BMJ Case Reports 2013; doi:10.1136/bcr-2012-007729
  • Rare disease

Idiopathic thrombocytopenic purpura during pregnancy

  1. Rosa Zulmira
  1. Centro Hospitalar do Porto, Maternidade Júlio Dinis, Obstetrics and Gynaecology Department, Porto, Portugal
  1. Correspondence to Dr Gonçalo Inocêncio, inocencio{at}


Idiopathic thrombocytopenic purpura is a very rare disease, especially during pregnancy. It is characterised by low platelet count and predominantly muco-cutaneous bleeding. There are many forms to monitor and treat these patients. Here, we present a case of a pregnant woman, with idiopathic thrombocytopenic purpura, who was submitted to treatment only when the platelet count was below 10 000/μl, with human intravenous immunoglobulin.
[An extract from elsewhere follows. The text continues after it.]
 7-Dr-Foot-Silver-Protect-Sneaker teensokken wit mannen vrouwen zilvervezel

During the evolution of pregnancy, caesarean delivery and puerperium were favourable.


Idiopathic thrombocytopenic purpura, also known as immune thrombocytopenic purpura, is an acquired disease of unknown cause, usually benign, characterised by thrombocytopenia.

Data from international epidemiological studies in adults provide an estimated incidence of 1.6–2.7 cases/100 000 individuals/year.1 A part of this number will include women in their reproductive age, and therefore, pregnancy.
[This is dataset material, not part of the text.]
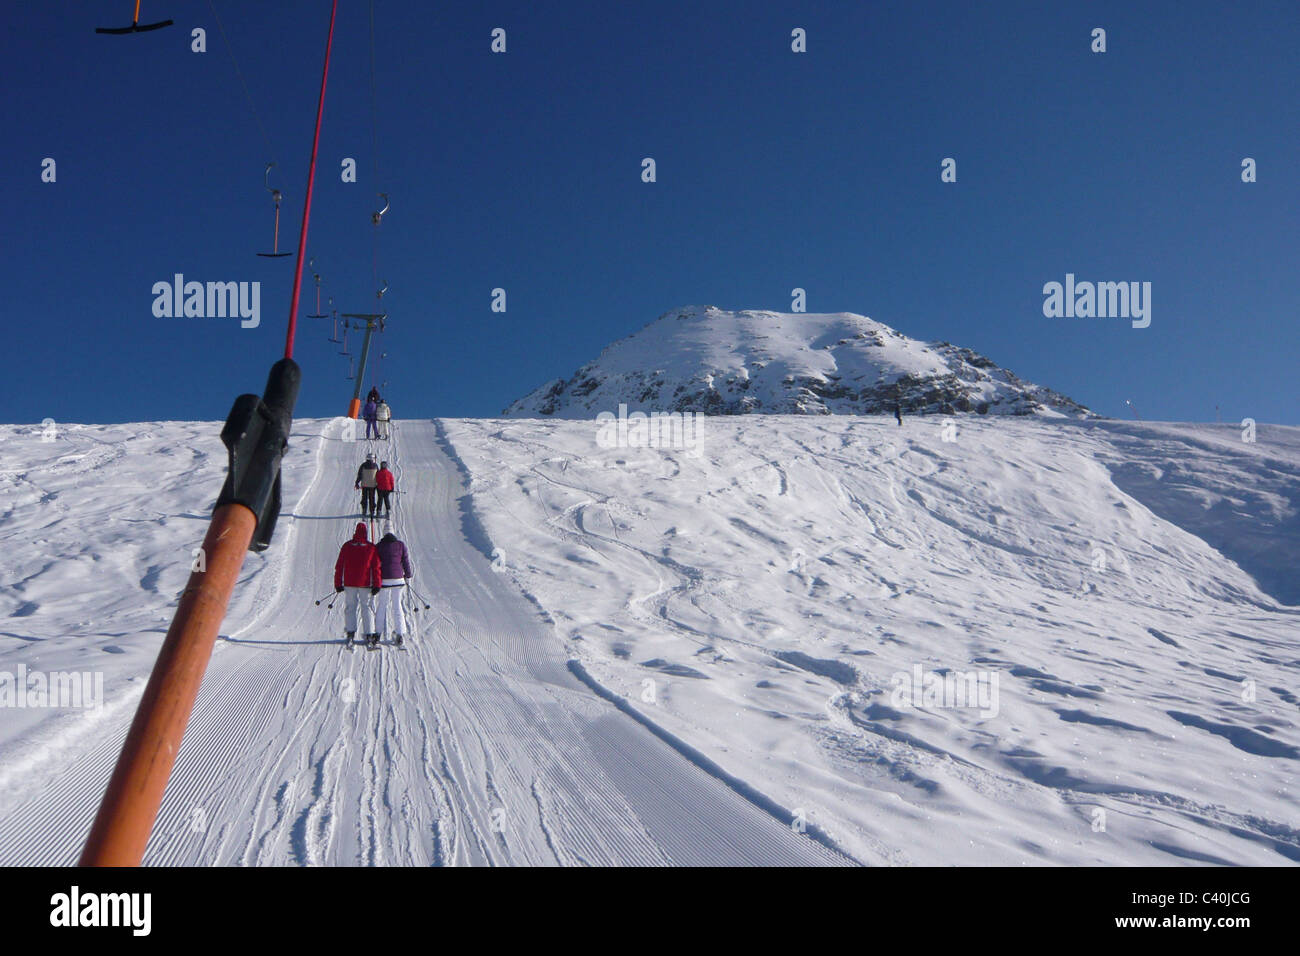 Austria, Lech, ski lift, hanger elevator, skiing area, winter, snow Stock Photo

Despite the unknown aetiology, some autoantibodies usually IgG, were recognised,  and directed to antigens in platelets membrane.
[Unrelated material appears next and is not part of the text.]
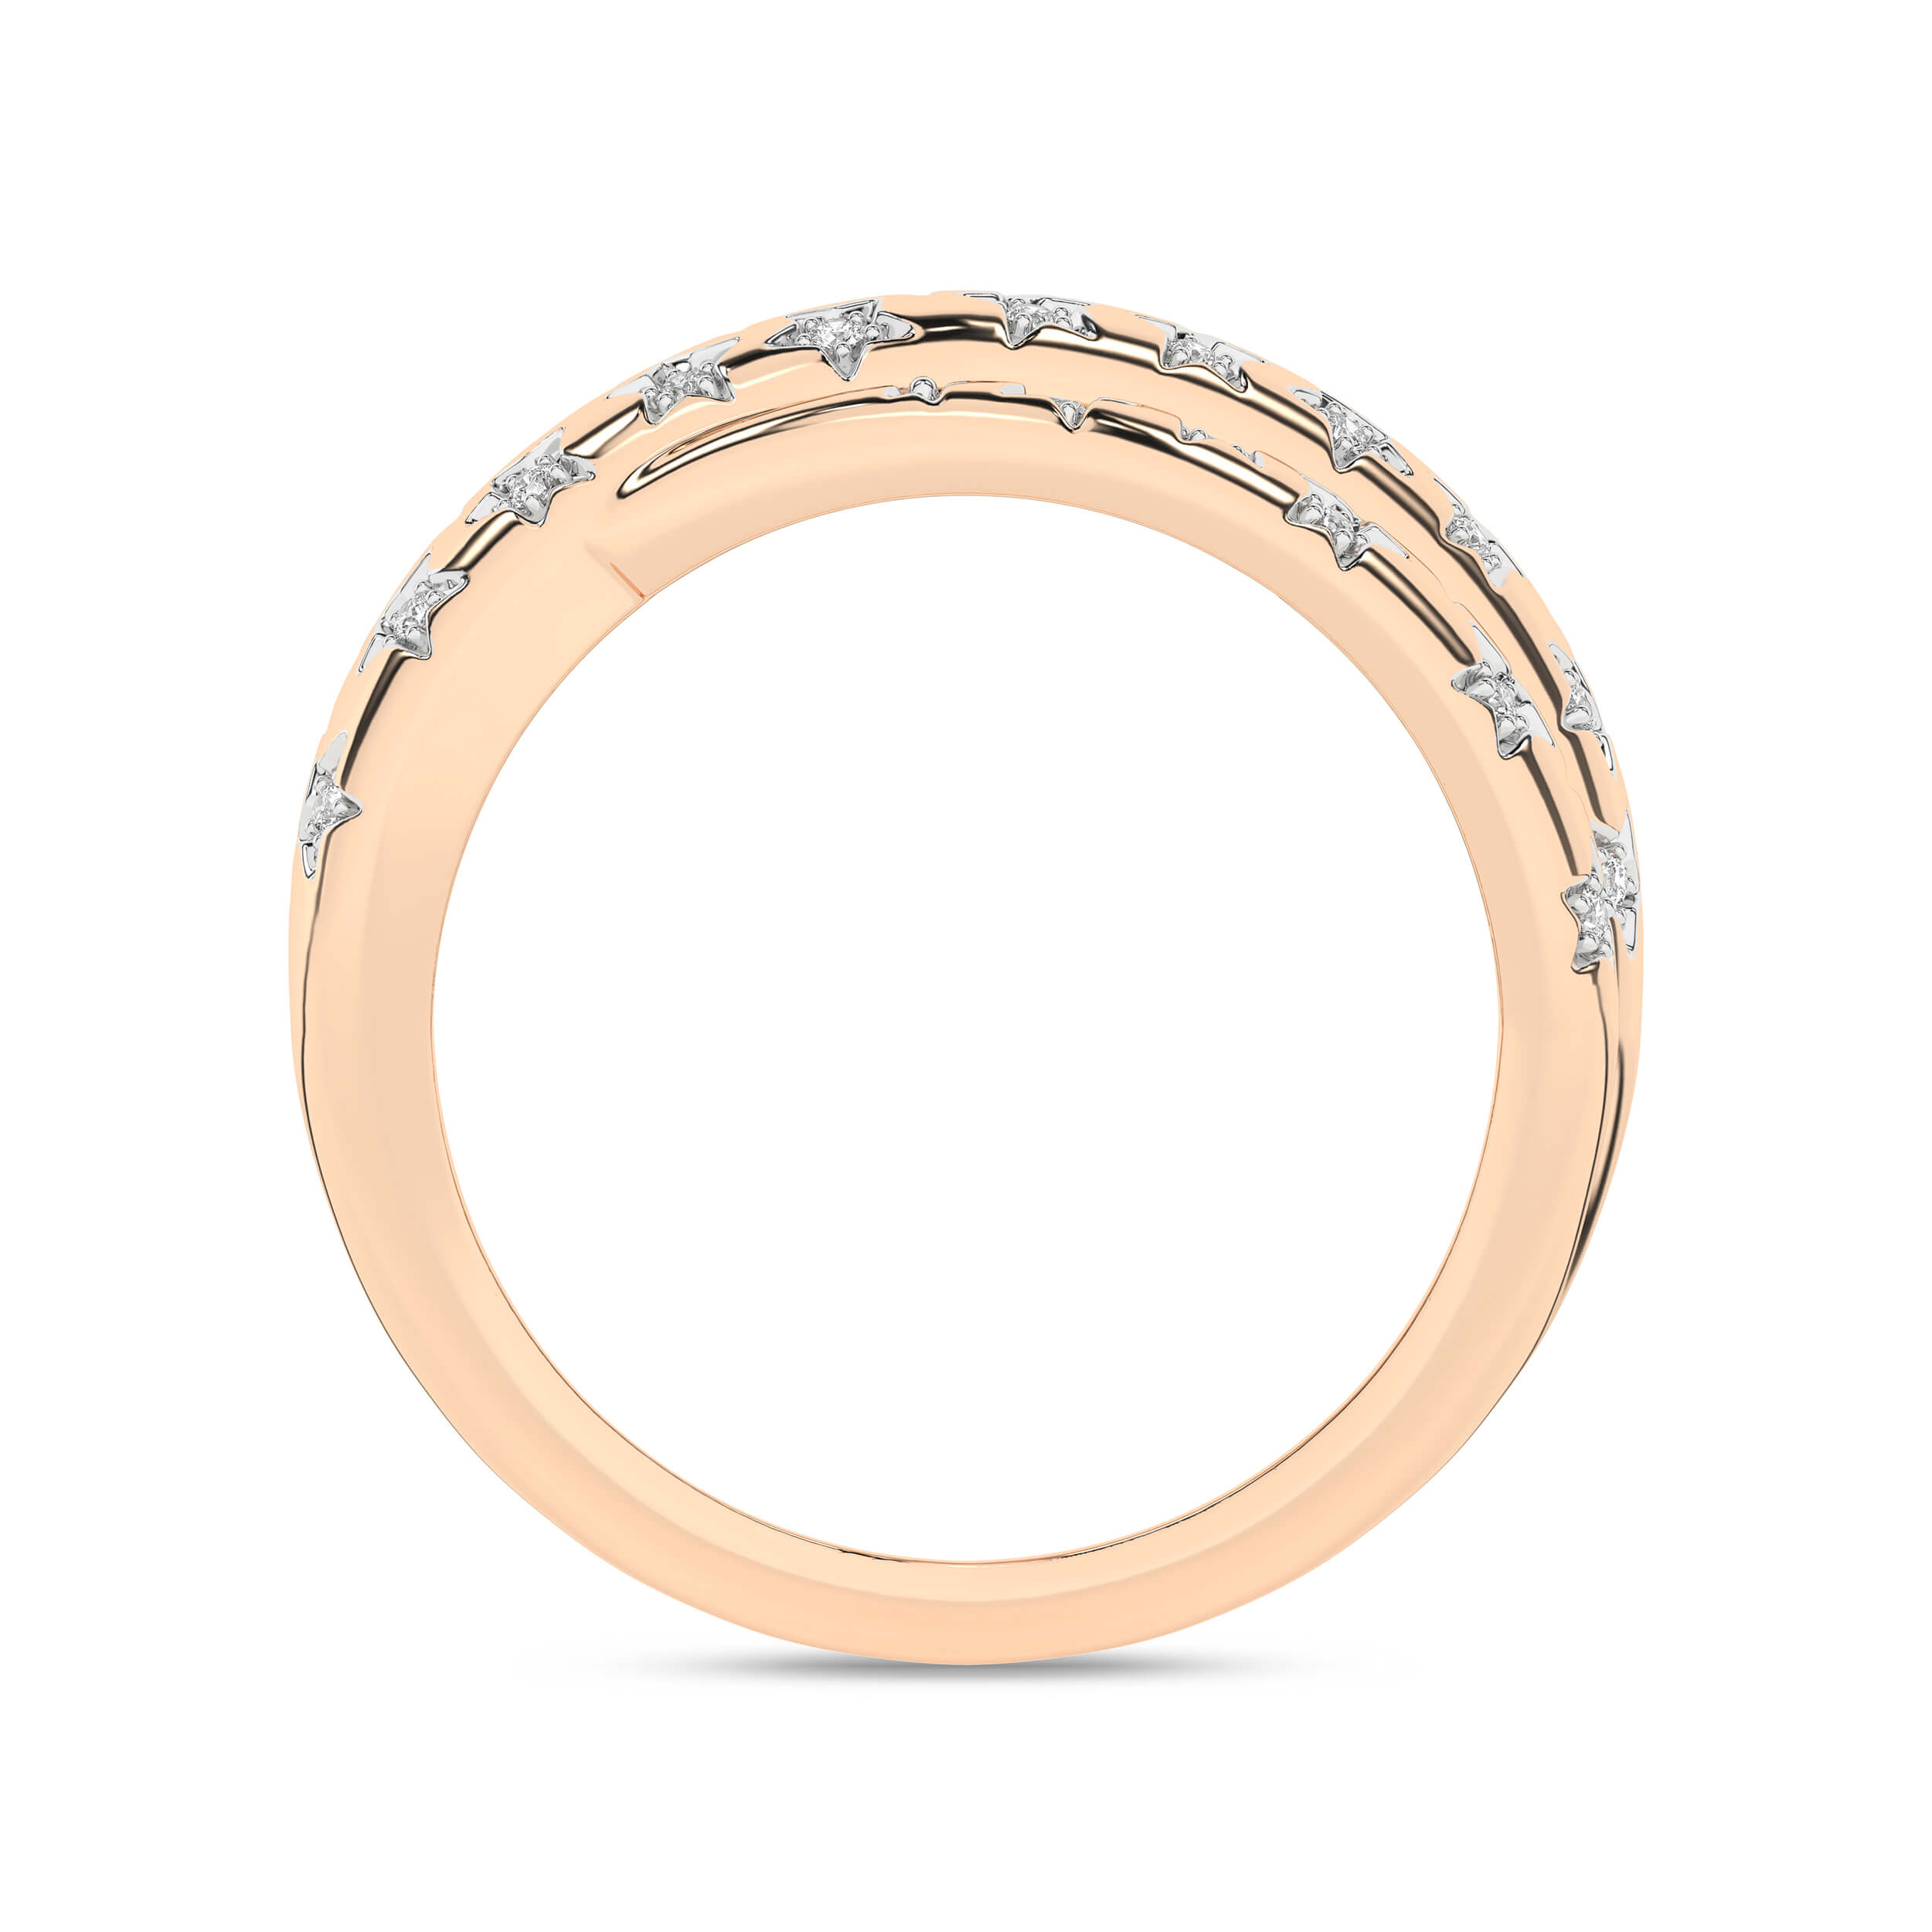 Inel din Aur Roz 14K cu Diamante, articol RF17770, previzualizare foto 2

Idiopathic thrombocytopenic purpura is predominantly associated with haemorrhagic symptoms, such as: petechiae, ecchymosis, mucosal bleeding (gingival, nasal, urinary and digestive tract), menorrhagia, which correlates with platelet count (more common and clinically significant when they are <20 000/μl, but mainly when they are less than 10 000/μl).

The description of this case is very important because of its rarity in pregnant women and because there are a large variety of monitoring and treatment options.

Outcome and follow-up

For 35 years, Gravida 2 Para 1, was monitored by haematology since the diagnosis of idiopathic thrombocytopenic purpura in her first pregnancy (the newborn had thrombocytopenia at birth). She was referred to obstetrics consultation at 6 weeks of gestation. During her first trimester of pregnancy, the platelet count ranged between 10 000 and 20 000/μl, without haemorrhagic symptoms. At this point, we opted for expectant management and clinical surveillance.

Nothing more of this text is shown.